Airport in Bandung, West Java, Indonesia

Husein Sastranegara Airport is an international airport serving Bandung, the capital of West Java, Indonesia. It is located within the city, approximately 3.5 km from Bandung's city center. The airport is named after Husein Sastranegara, an Indonesian Air Force officer who died during the Indonesian National Revolution when his aircraft crashed in Yogyakarta. Prior to the opening of Kertajati International Airport, the airport served as an international gateway and the primary air entry point to Bandung and its surrounding regions.
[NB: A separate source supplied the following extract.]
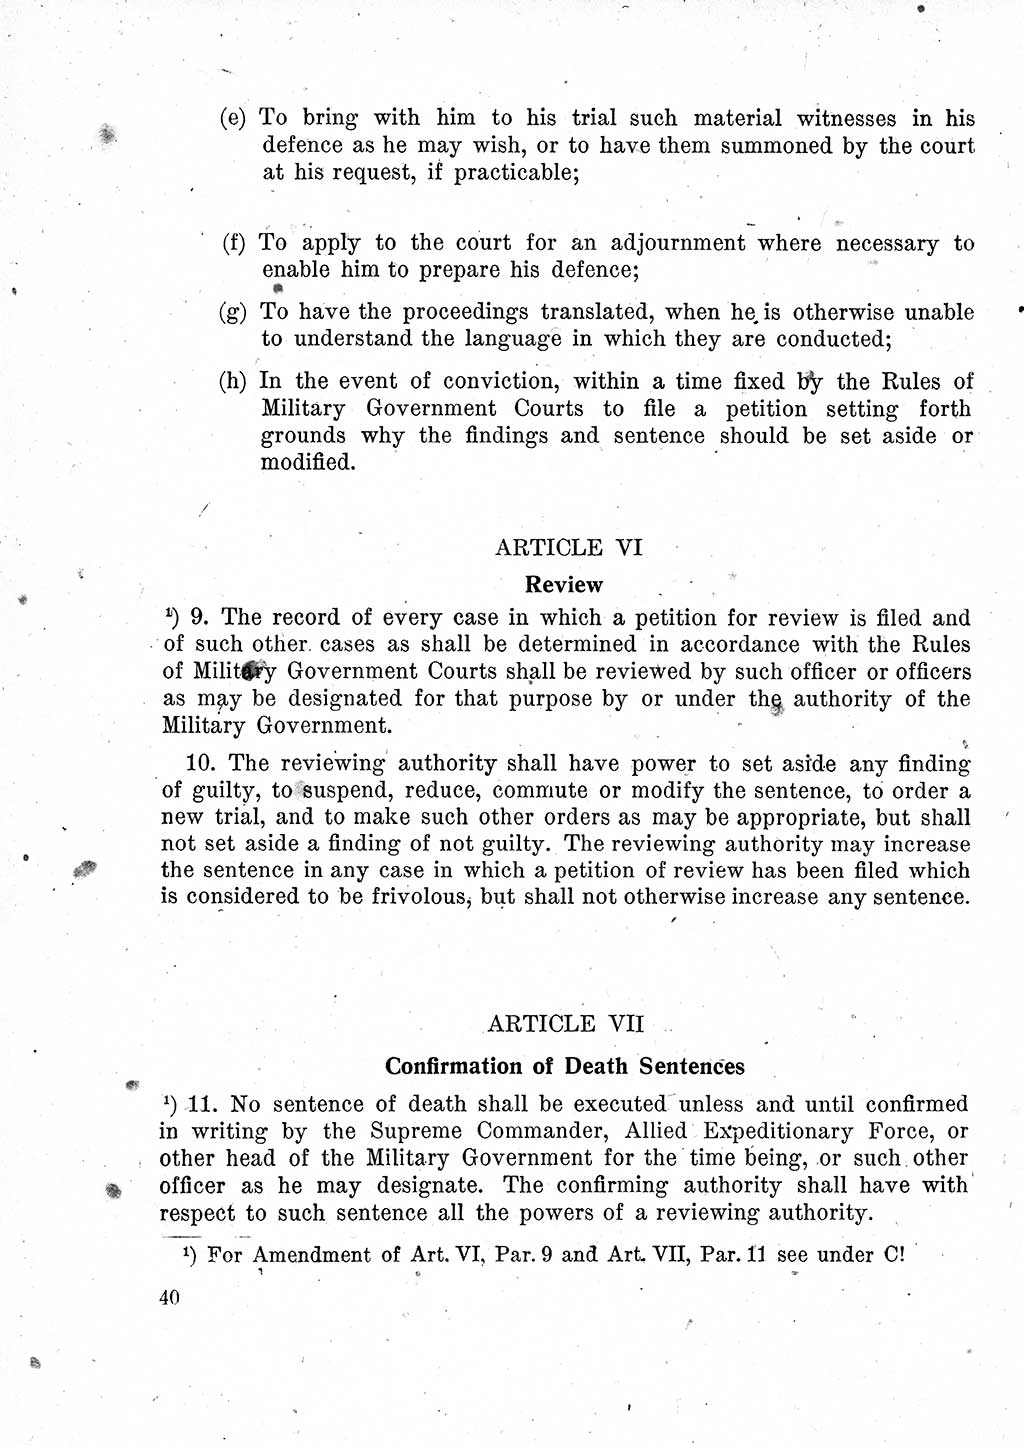 Das Recht der Besatzungsmacht (Deutschland), Proklamationen, Deklerationen, Verordnungen, Gesetze und Bekanntmachungen 1947, Seite 40 (R. Bes. Dtl. 1947, S. 40)

It handled domestic flights to major Indonesian cities such as Denpasar, Surabaya, and Yogyakarta, as well as international routes to Kuala Lumpur and Singapore. However, following the inauguration of Kertajati Airport, most flights were relocated, leading to the suspension of international services and the revocation of its international status. As of July 2026, Husein Sastranegara Airport functions as a secondary airport for Bandung, handling only very limited commercial operations, with Susi Air serving as its sole airline operator. In 2026, the Indonesian government decided to reactivate the airport for scheduled commercial jet services, targeting limited jet operations from 17 August 2026 and full operations from 17 September 2026.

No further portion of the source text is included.